The mother ran to the safe room with her children, providing one daughter with a can of pepper gas and the other with a club. She equipped her son with a helmet and laid him on the floor. Rahav instructed her kids to remain close, telling them that they would not go down without a fight.
As the sound of shooting erupted inside the house, Rahav could hear her husband’s footsteps approaching the safe room as the shooting noises came closer and closer. Rahav’s husband opened the safe room door, revealing that he had just shot a terrorist who tried to enter their home.
“The minute he finishes his sentence, there was an enormous flash of light, and the whole safe room was filled with gunpowder,” she said, recalling how the electricity went out as the family’s ears started ringing.
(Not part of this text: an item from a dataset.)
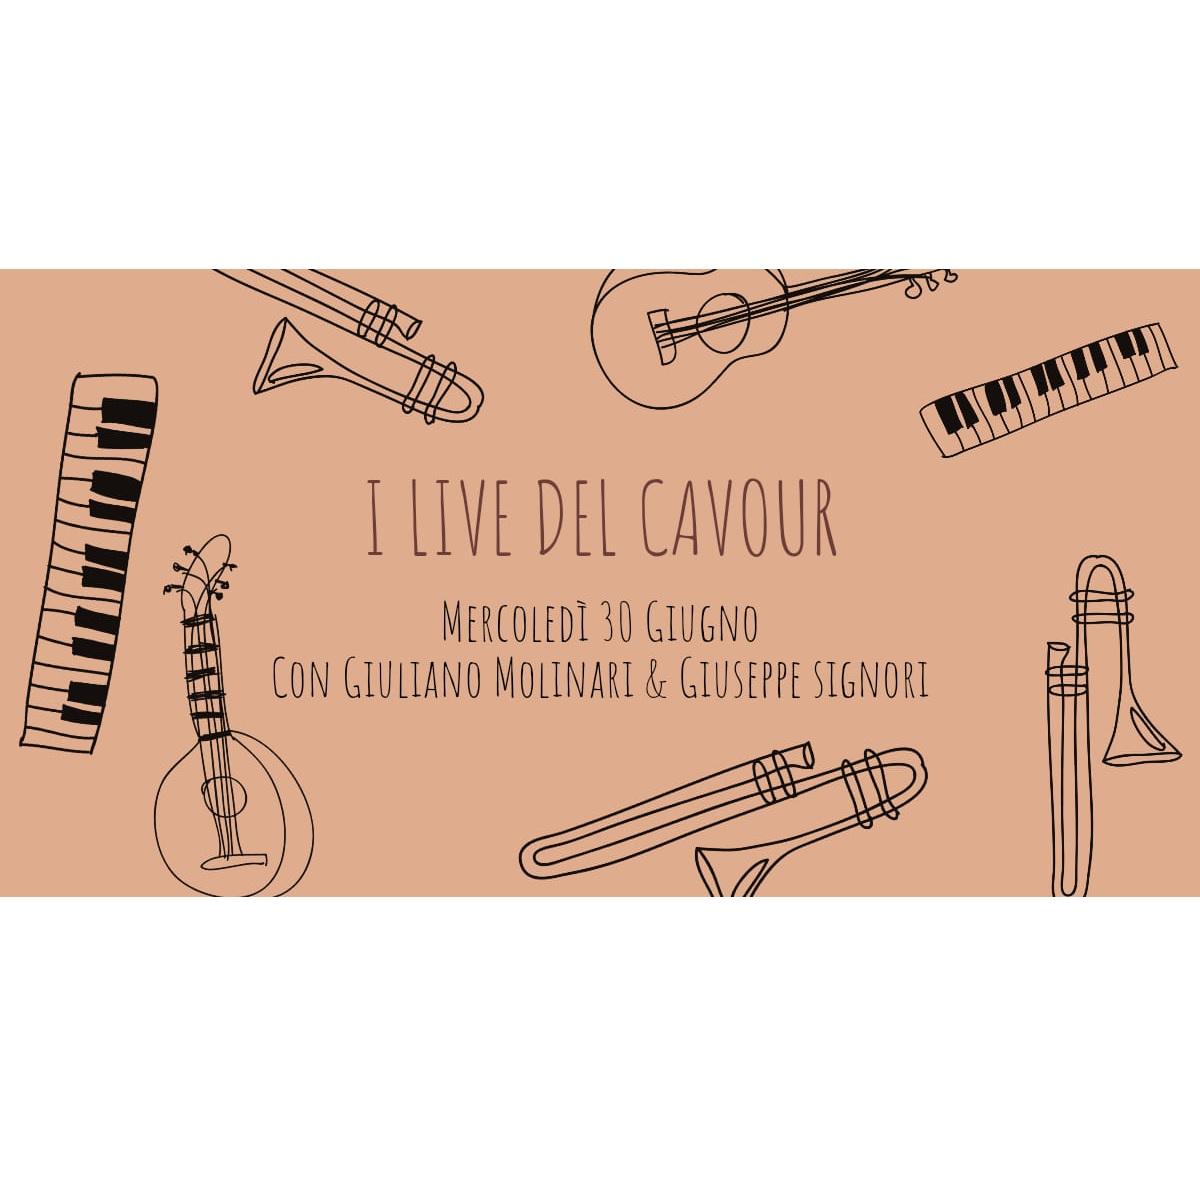 Mercoledì 30 giugno tornano i live del Cavour foto

They didn’t know what had happened at the time, but Rahav learned later that Hamas had been shooting rocket-propelled grenades at their home. In the safe room, as Hamas terrorists fired at the safe room door and the iron window, Rahav’s husband handed her a gun, telling her that they would fight “till the last bullet.”
Laying in a field with her daughters, Sopher tried to call her husband, but she couldn’t reach him, realizing that he wouldn’t have a signal if he were inside a safe room. Eventually, men from the kibbutz offered her and the other people camping in the field a ride home.
Upon reaching their home, Sopher carried her two girls inside and joined her husband in the shelter, where there was no air conditioning or electricity, forcing them to rely on the light from their phones.
“It was like a Hanukkah miracle because we didn’t have much battery,” Sopher said.
Due to how hot it was inside the shelter with no air conditioning, they were forced to open the door a little to let air inside. Sopher remembered hearing the sound of machine guns and people panicking, where they sat for hours, trying to quiet their girls.
Rahav and her family remained in their safe room as she attempted to call for help, even resorting to posting about the attack on Facebook, saying that there were terrorists in their home. Despite her pleas for help, Rahav said she eventually realized that she and her family were alone.
All eventually went quiet as the terrorists moved onto other houses, lighting them on fire and filling safe rooms with smoke to kill the people trapped inside. After about eight hours of Hamas lighting cars on fire and shooting engines and gas tanks, the IDF finally arrived around 3 p.m.
Opening the safe room door, which was crooked from the RPG blast, Rahav saw that her whole house was “broken” and “shattered,” which she found to be the perfect metaphor for the present situation.
“Everything was shattered for us, and the reality that we know now is different,” Rahav said.
The family and other survivors were allowed to collect a few belongings before they were divided into groups and evacuated. Rahav shared that she and her family have been in the city of Eilat since Sunday night.
When asked by Roytman-Dratwa if she would consider returning to the kibbutz, Rahav answered that while she loved Israel, she and her family felt betrayed because they were left to deal with the attack by themselves.
“If they don’t eradicate Hamas completely, if we still need a safe room, and if we still need the Iron Dome, and if I still have to have even the smallest chance to tell my children again that they have to fight for their lives until the last bullet, then no,” she said. “I will not go back there.”
Around sunset, Sopher recalls hearing a message that residents of the kibbutz were free to leave at their own risk. Her husband decided not to take the chance, and they stayed in the shelter until they heard another message around 3 or 4 a.m. telling them that it was safe to leave.
Soldiers escorted the family to their car, and as they drove, Sopher said that she saw other vehicles that had been gunned down and dead bodies all around, both inside and outside of the cars. After briefly staying with a friend, the family is staying at a hotel with their kibbutz community, where they’re receiving food and speaking with social workers.
“We’ve lost a lot of friends,” Sopher said, crying. “I don’t know how we got so lucky and why others didn’t.”